Outstanding in basketball and memoir genres
Am amazing book. Very hard to put down. Coach Stringer shares her life, including stories of her own mistakes, setbacks and bad decisions. She tells us about her happy family and her encounter with racism at high school cheerleader selection. In college, her passion for sports collided with academics and she almost flunked out. And she met a handsome athlete named Bill Stringer.
Stringer's adult life combined professional triumph with personal tragedy. One child remains paralyzed from misdiagnosed spinal meningitis...and speechless from complications when the doctors refused to listen to Vivian's pleas: "I know there's something wrong. Please take another MRI."
Later her husband died at 47 and Stringer herself was diagnosed with breast cancer. She leaned heavily on family to survive these crises with dignity and strength.

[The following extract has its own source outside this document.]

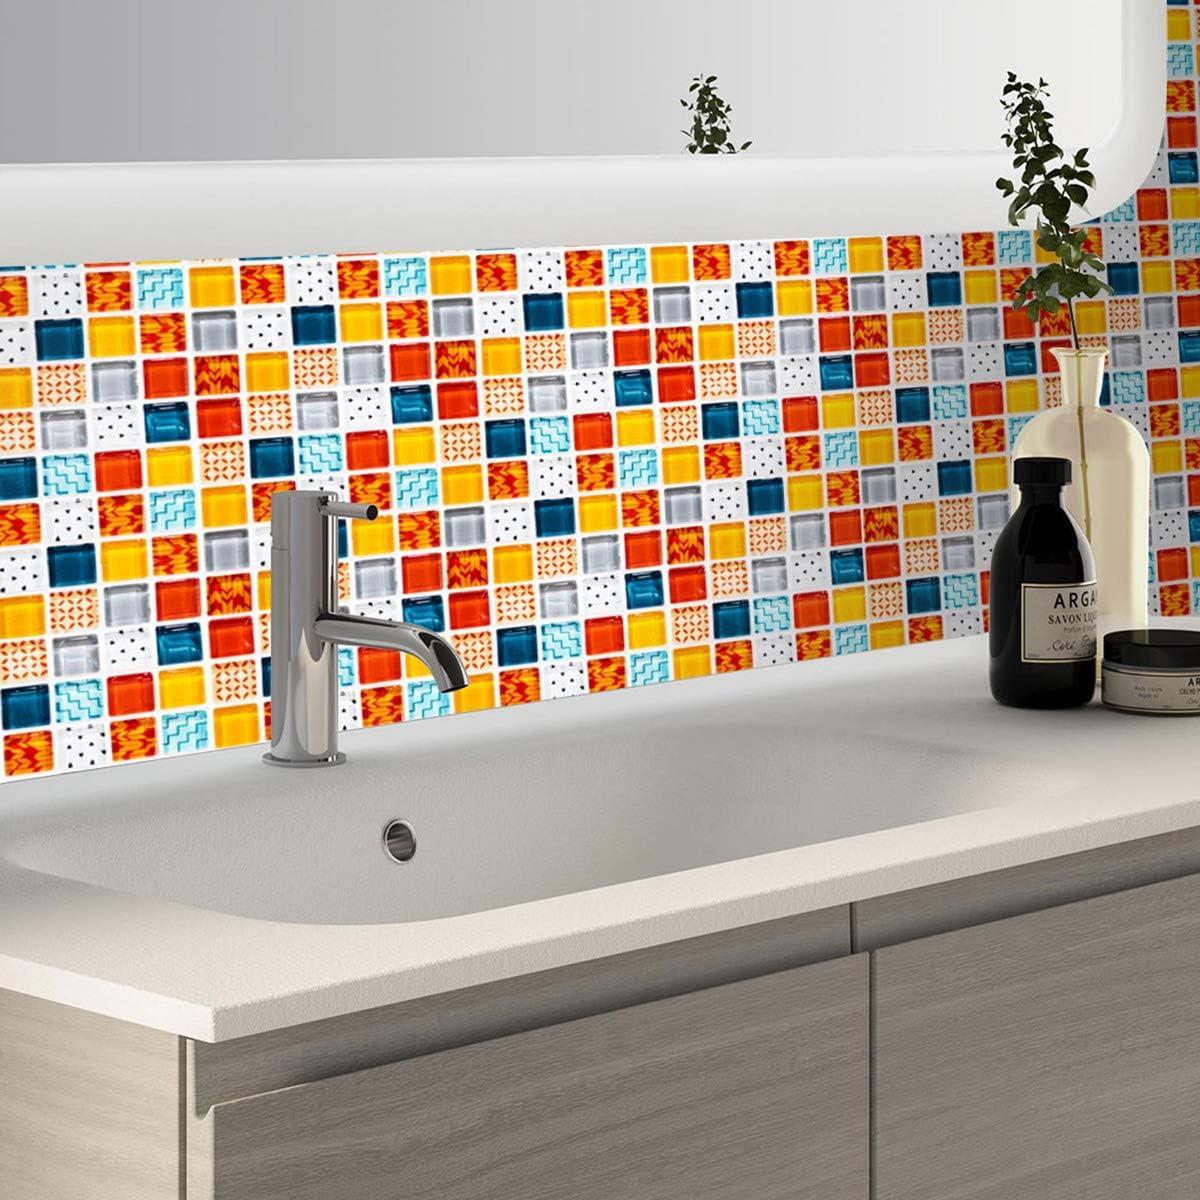 decalmile 10 St/ück Fliesenaufkleber 15x15cm Buntes Mosaik Wandfliese Fliesensticker K/üche Badezimmer Deko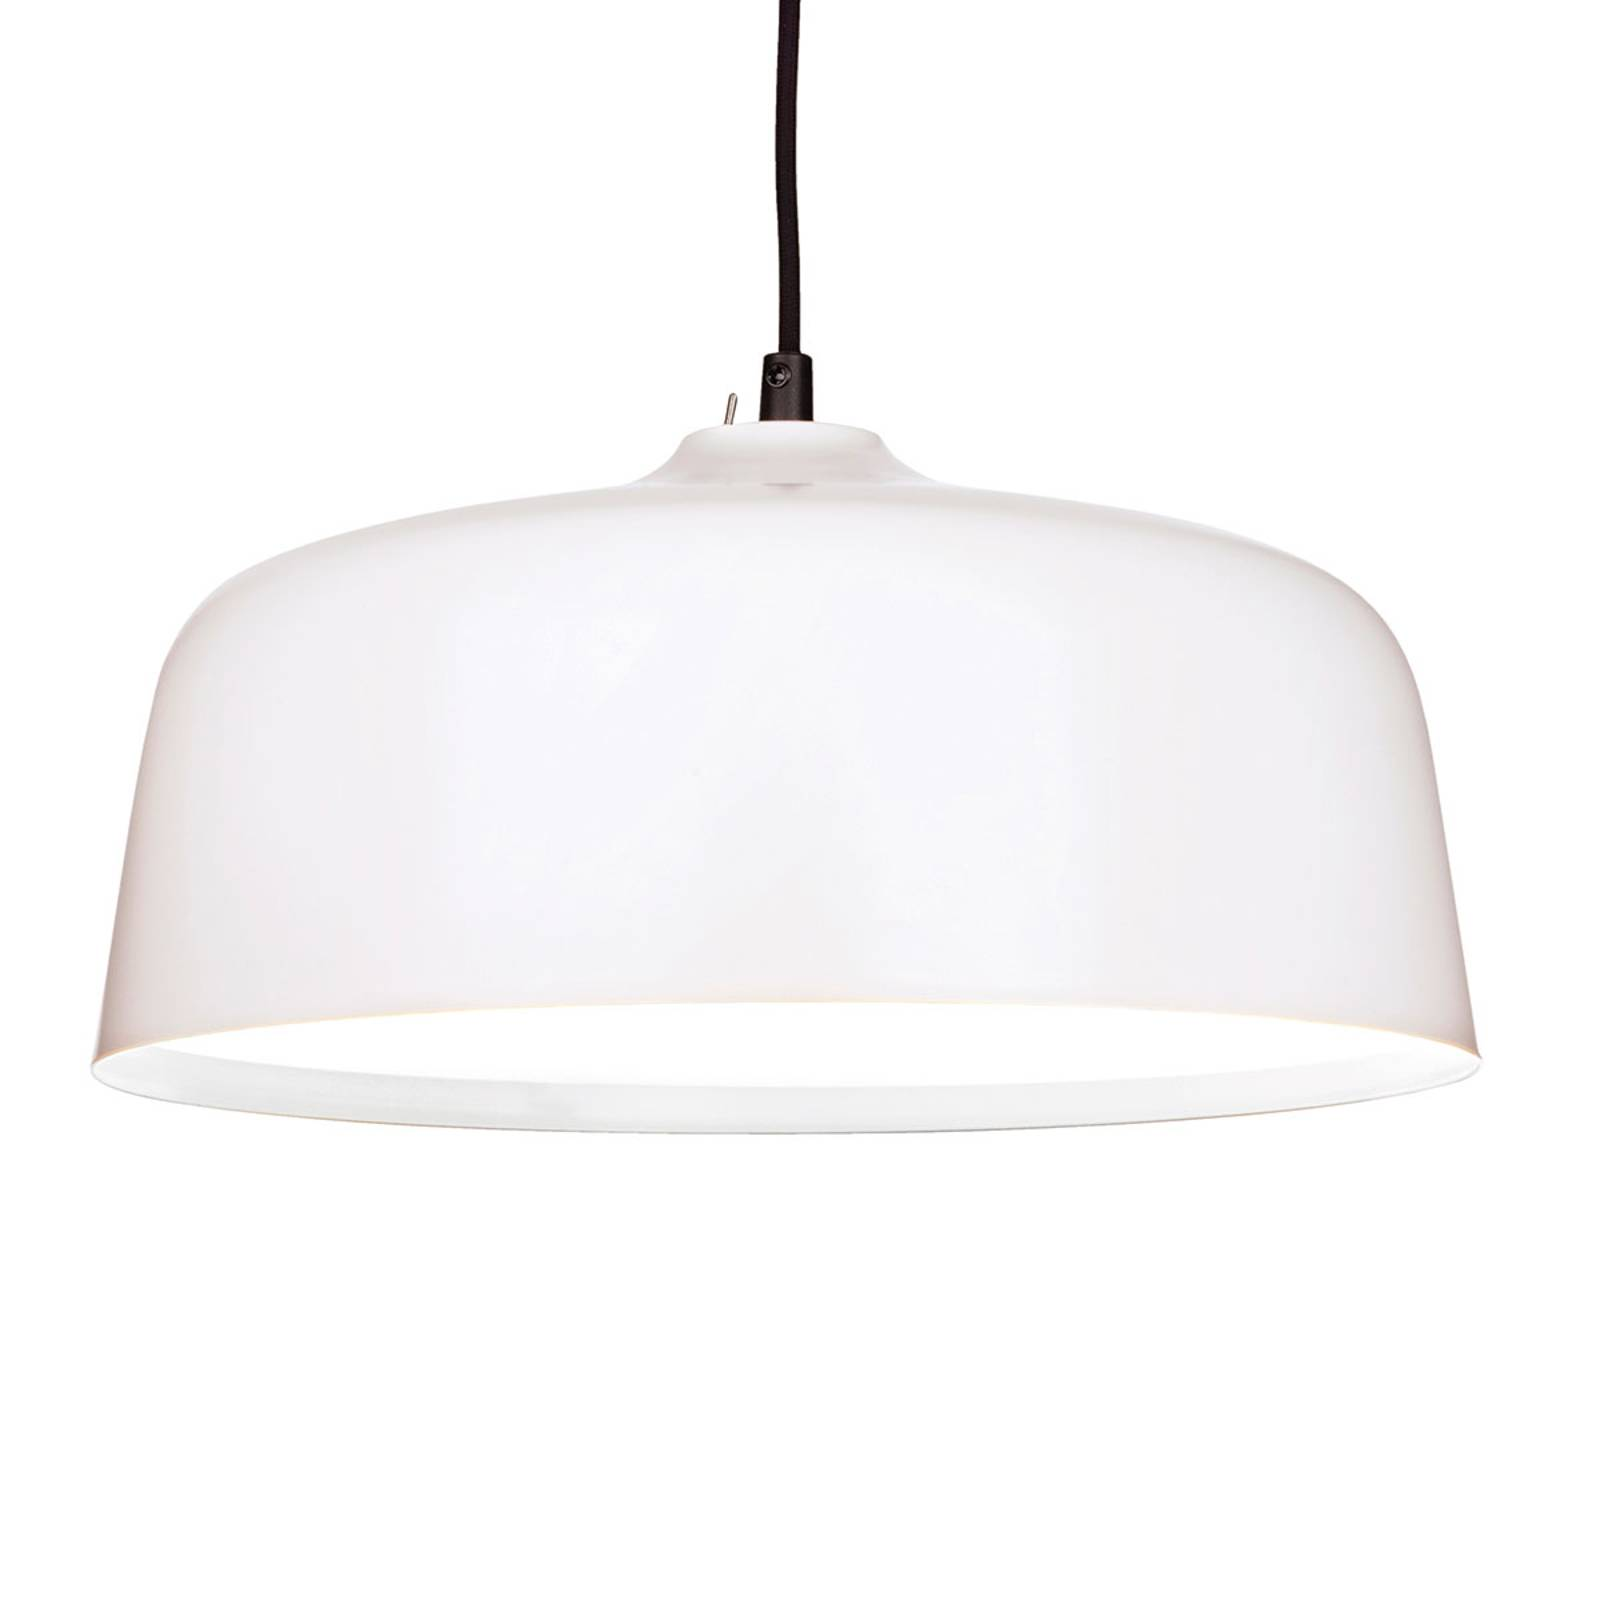 Innolux Candeo therapielicht-hanglamp wit

As a basketball fan, I especially liked the sections on teams, games and championships. And I would like to have seen more. The most moving scene comes when Stringer describes a New Year's Eve practice when a lackluster team was inspired by Cappie Pondexter, Tammy Sutton Brown and a handful of Coach Stringer's former players. These players had just a few days off for the holidays, yet they came to Rutgers to help their coach and talk to this team from their perspective of "been there." And the team went on to get past the Final Four -- almost all the way to an NCAAW championship.
Ultimately, I welcomed the opportunity to get to know more about Vivian Stringer. I've seen her standing tall at Rutgers games, wearing red, unflappable, and yes, every inch the tough coach in a feminine designer suit with good jewelry.
Good Read, Great Coach
I started following Rutgers Women's basketball just a few years ago and wanted to find out what makes C. Vivian Stringer tick, as well as to catch up on earlier teams that she coached. The book filled that need admirably. The writing is excellent, details informative and the message uplifting. She has a stoic and yet combative view of life and her story explains why.
No book will ever reveal what a person is like and if you've ever heard her speak, you know that Coach Stringer has poetry in her that barely peaks through in the book. Her reaction to the recent Tennessee clock debacle included, "I seem to have an eraser after my name..."
The perpetual struggle that she is involved in as she coaches and deals with her other challenges and the effect that she has on others is what she is and she is a treasure.